Как ни была она рассержена, ее прерывающийся голос выражал боль, а не гнев. Нечаянно раскрыв перед ним самые искренние свои чувства и натолкнувшись на столь унизительную издевку, Лиллиана попыталась повернуться и уйти. Но Корбетт оказался проворнее. Точным движением он ухватил Лиллиану за юбку, не позволив ей отойти ни на шаг.

— Что ж, я так и думал. Ты действительно пытаешься удрать, чтобы уклониться от исполнения супружеских обязанностей.

Насмешливые слова обрушивались на Лиллиану словно удары, и она с трудом сдерживала слезы. Как уживается в нем такая нежность с такой жестокостью? Как он может ласкать ее с такой любовью — а потом обвинять в неверности, да еще без всяких оснований?

Прикованной к месту Лиллиане оставалось только одно: достойно ответить на его выпады.

— В мои супружеские обязанности не входит валяться с тобой в грязи!

— Твоя обязанность — угождать мужу.

— Очевидно, у меня это не получается.

Стремясь высвободиться, Лиллиана резко рванула юбку, не обращая внимания на треск рвущейся ткани.

Ей хотелось бежать как можно дальше и быстрее, лишь бы забиться в укромный уголок и дать волю горючим слезам. Но ведь это только лишний раз покажет Корбетту, как много он для нее значит. Придется удовольствоваться меньшим: неспешно отойти, сохраняя достоинство.

Лиллиана ушла не слишком далеко. Еще не доходя до дороги, она услышала топот могучего коня Корбетта. Решив нипочем не поддаваться на уловки мужа, она укрылась за липой, сделав вид, что собирает ветви падуба.

Лиллиана чувствовала на себе упорный взгляд Корбетта, но не решалась оглянуться, чтобы не увидеть в его глазах столь знакомое холодно-презрительное отчуждение.

Лиллиана склонилась к самым нижним ветвям, так чтобы распущенные волосы, падая, закрывали лицо.

Она без успеха подергала одну ветку, потом другую, но только изрезала себе пальцы о глянцевитые листья.

— У тебя достаточно слуг для такой работы. Твое дело следить, чтобы они не отлынивали от дел, а тебя уже довольно давно нет в замке. Иди сюда, садись в седло передо мной.

Лиллиана гордо вскинула голову, но на мужа по-прежнему не смотрела.

— Слуги в Оррике хорошо обучены и не станут лодырничать, если я отлучусь ненадолго. Так что незачем напоминать мне о моих обязанностях. Я вернусь в Оррик, когда сочту нужным.
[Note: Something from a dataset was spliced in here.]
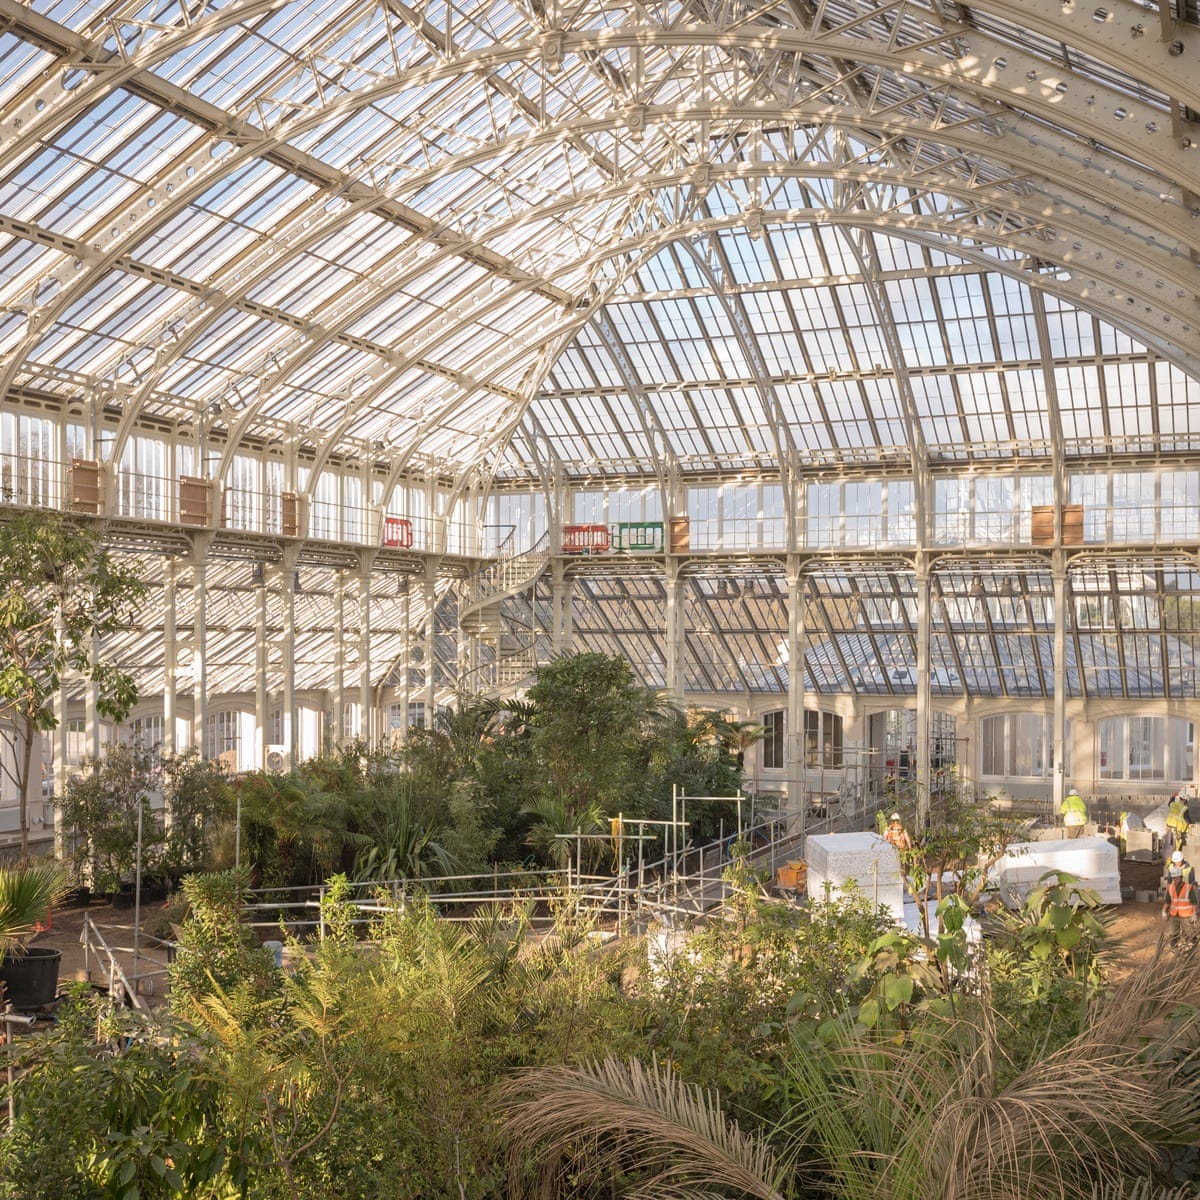 Kew Gardens' Temperate House to reopen after £41m restoration | Kew Gardens  | The Guardian

Она знала, что последние слова должны привести его в бешенство, и, возможно, даже умышленно подстрекала его на неистовую выходку. Ей было уже не до осторожности, и только тогда, когда огромный боевой конь, круша подлесок, двинулся к ней, Лиллиана в тревоге подняла глаза.

Легко, как будто она была мелкой рыбешкой, Корбетт выудил жену из зарослей падуба и рябины. Совершенно не принимая во внимание ее протестующие вопли, он бесцеремонно усадил Лиллиану перед собой, а затем умело направил коня к дороге.

— Отпусти меня, чурбан неотесанный! — вскричала Лиллиана, стараясь вывернуться из железных рук мужа.

Корбетт рывком притянул ее ближе к себе.

— Сиди впереди меня, как положено, — проронил он, — не то приедешь в Оррик, как пленница, перекинутая через седло, связанная по рукам и ногам.

Несмотря на бешенство, Лиллиана все же сообразила, что Корбетт не бросает слов на ветер. Вне себя от гнева, она застыла, как деревянная, там, где он усадил ее, но внутри у нее все клокотало.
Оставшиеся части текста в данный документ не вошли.